If you want to compare the performance of the QEMU instrumentation with that of
afl-clang-fast compiled code against the same target, you need to build the
non-instrumented binary with the same optimization flags that are normally
injected by afl-clang-fast, and make sure that the bits to be tested are
statically linked into the binary. A common way to do this would be:

```
CFLAGS="-O3 -funroll-loops" ./configure --disable-shared
make clean all
```

Comparative measurements of execution speed or instrumentation coverage will be
fairly meaningless if the optimization levels or instrumentation scopes don't
match.

## 12) Other features

With `AFL_QEMU_FORCE_DFL`, you force QEMU to ignore the registered signal
handlers of the target.

## 13) Gotchas, feedback, bugs

If you need to fix up checksums or do other cleanups on mutated test cases, see
`afl_custom_post_process` in custom_mutators/examples/example.c for a viable
solution.

Do not mix QEMU mode with ASAN, MSAN, or the likes; QEMU doesn't appreciate the
"shadow VM" trick employed by the sanitizers and will probably just run out of
memory.

Compared to fully-fledged virtualization, the user emulation mode is *NOT* a
security boundary. The binaries can freely interact with the host OS. If you
somehow need to fuzz an untrusted binary, put everything in a sandbox first.

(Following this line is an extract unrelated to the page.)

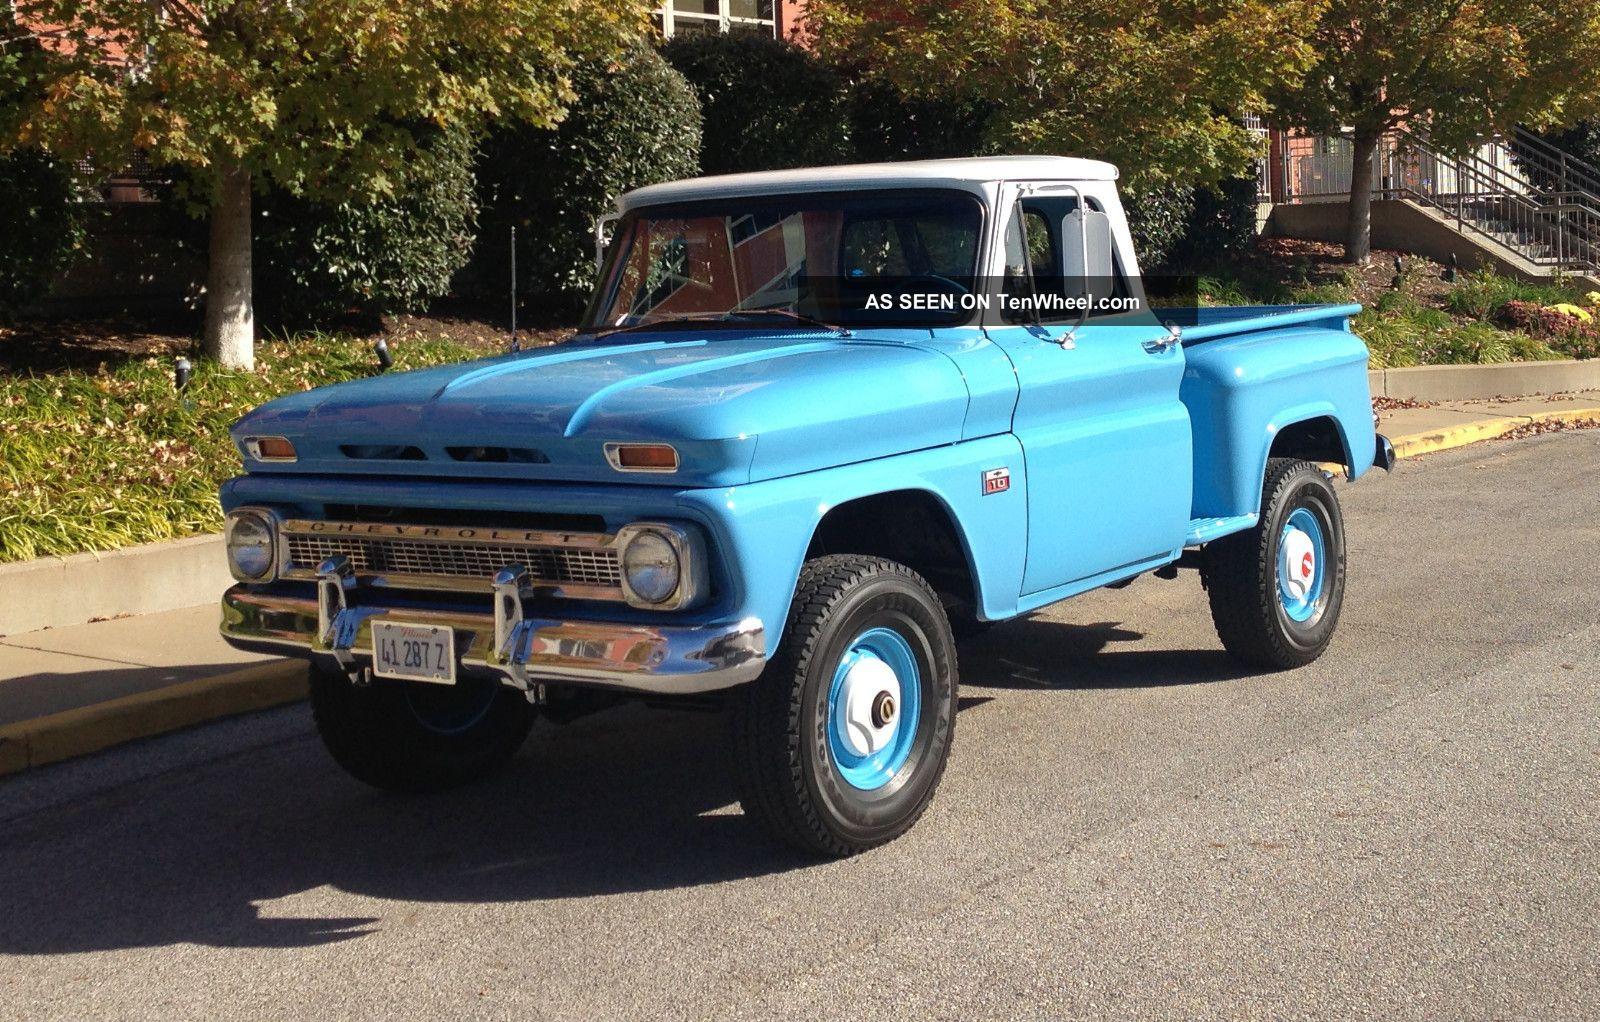 1966 chevrolet c10 factory 4x4 truck. Black Bedroom Furniture Sets. Home Design Ideas

QEMU does not necessarily support all CPU or hardware features that your target
program may be utilizing. In particular, it does not appear to have full support
for AVX2/FMA3. Using binaries for older CPUs or recompiling them with
`-march=core2`, can help.

## 14) Alternatives: static rewriting

Statically rewriting binaries just once, instead of attempting to translate them
at run time, can be a faster alternative. That said, static rewriting is fraught
with peril, because it depends on being able to properly and fully model program
control flow without actually executing each and every code path.

For more information and hints, check out
[docs/fuzzing_binary-only_targets.md](../docs/fuzzing_binary-only_targets.md).